Over the past few days I have given you a more intricate look at what I expect the 2018 Frank Reich led Indianapolis Colts offense to look like. I have arrived at this conclusion based on his history as a player and a coach. I will say, that while this is an educated theory (I subjected myself to all 16 San Diego Chargers contests of the 2014 season for this series, you’re welcome) it is at best a theory. We don’t know, beyond a shadow of a doubt what his offense is going to look like, but I feel I can get pretty close considering his influences and what the man himself has said.
This is part 2 of a 2 part series on my expectations for the 2018 Indianapolis Colts offense, this is the final installment (for now) on Frank Reich’s offense. I hope you have enjoyed reading about the Colts new head coach as much as I have enjoyed researching and writing this piece.
- No identity in Man or Zone blocking scheme, they will use both equally.
- A stable of backs will be used. Even if there were a “workhorse” back on the roster, Reich rotated backs when given first round running back Melvin Gordon during his time with the Chargers.
- I expect to see Jack Doyle lined up as an H-back from time to time.
- Rushing from the shotgun will happen early and often.
- If he keeps any tendency from his time with the Chargers, if it’s a snap under center, there is a very, very strong possibility it will be a run call. See also: Predictable
- Multiple backs will be on the field often.
Once again, just like the passing offense is concerned, I cannot be positive I’m correct but I feel strongly given his past work, I’m also not going to spend a ton of time going over the ground game. The zone concepts are all fairly straight forward and largely covered with a single explanation and the man concepts are all run at every single youth football game in the world, again, straight forward. Instead I’ll take a look at one play that I feel will be the run concept that opens up a lot of possibilities for the Frank Reich led Colts.
Split Zone in action:
This looks like a two tight end set and it is, but if you look closely that’s actually an extra tackle lined up next to the left tackle and the man in motion is your second tight end. On this play both linebackers flow hard to fill gaps, they leave a hole open on the other side of the play. Had the extra tackle not had his lunch stolen from him by #99 this play probably picks up a few more yards.

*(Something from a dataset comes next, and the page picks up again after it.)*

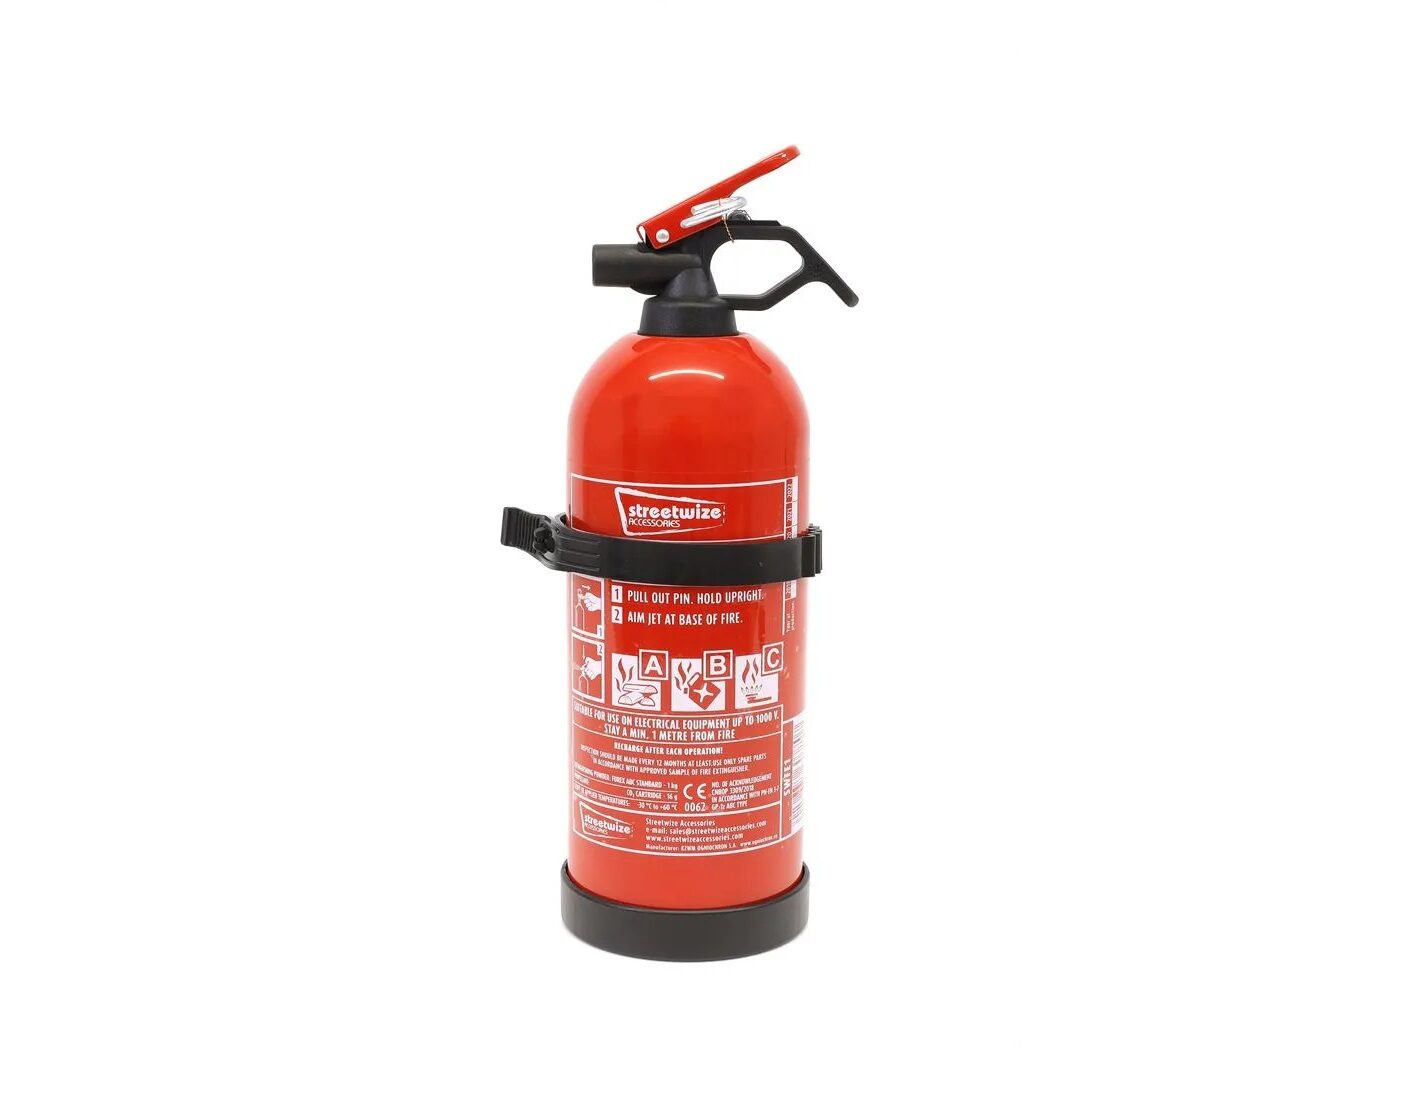 Streetwize 1Kg Fire Extinguisher Dry Powder

As it stands this play is effective and works through misdirection and a runners ability to digest what he sees in front of him. I once had a friend who coached running backs for a small local college tell me his philosophy was “run where they ain’t.” More or less, run where they ain’t is the heart of the zone run, the split zone is another version.
Bonus Run The RPO:
I know I said I was only breaking down one running play but I wanted to look at the RPO when the QB reads run. The cool thing about this play isn’t the massive hole that opens in the middle of the field. It’s what the pass option does to number 52.
At the snap of the ball the right side (your left) of the line all take zone steps to their right. That tells us this is going to be a zone running play to the right side of the line... except the left guard and tackle drop into a shallow pass set.
So the backside linebacker, in this case number 52, sees what’s in front of him, the LG and LT pass blocking the receiver running a route and bails into coverage which leaves the middle of the field wide open. If Kyle Van Noy wasn’t as good as he is this is a bigger gain than it ended up being, either way it moved the chains.
This isn’t a basic run scheme. This play blends the zone run with a quick pass concept that makes defenders make choices that ultimately determine what the offense does. In short there is no way a defense can win.
Frank Reich has been influenced by some of the greatest offensive minds in football history. He’s had an interesting, unusual career as a backup and it seems fitting he was the Colts backup choice as head coach. Looking into Reich’s past leads me to feelings of cautious optimism for the direction of the offense. I’m optimistic because we’re all finally going to see Andrew Luck play in a modern NFL offense. I am skeptical because Reich’s only experience as a play caller was nothing short of bad.
Ultimately I have to believe that coaches, like players, improve with time and experience. Reich is going to be using a good system to win football games in 2018, the question is, has he learned enough to overcome his past failure to capture some of the success he found in Philadelphia?
The one thing I’m sure of, football is back and this is going to be an exciting year no matter what happens.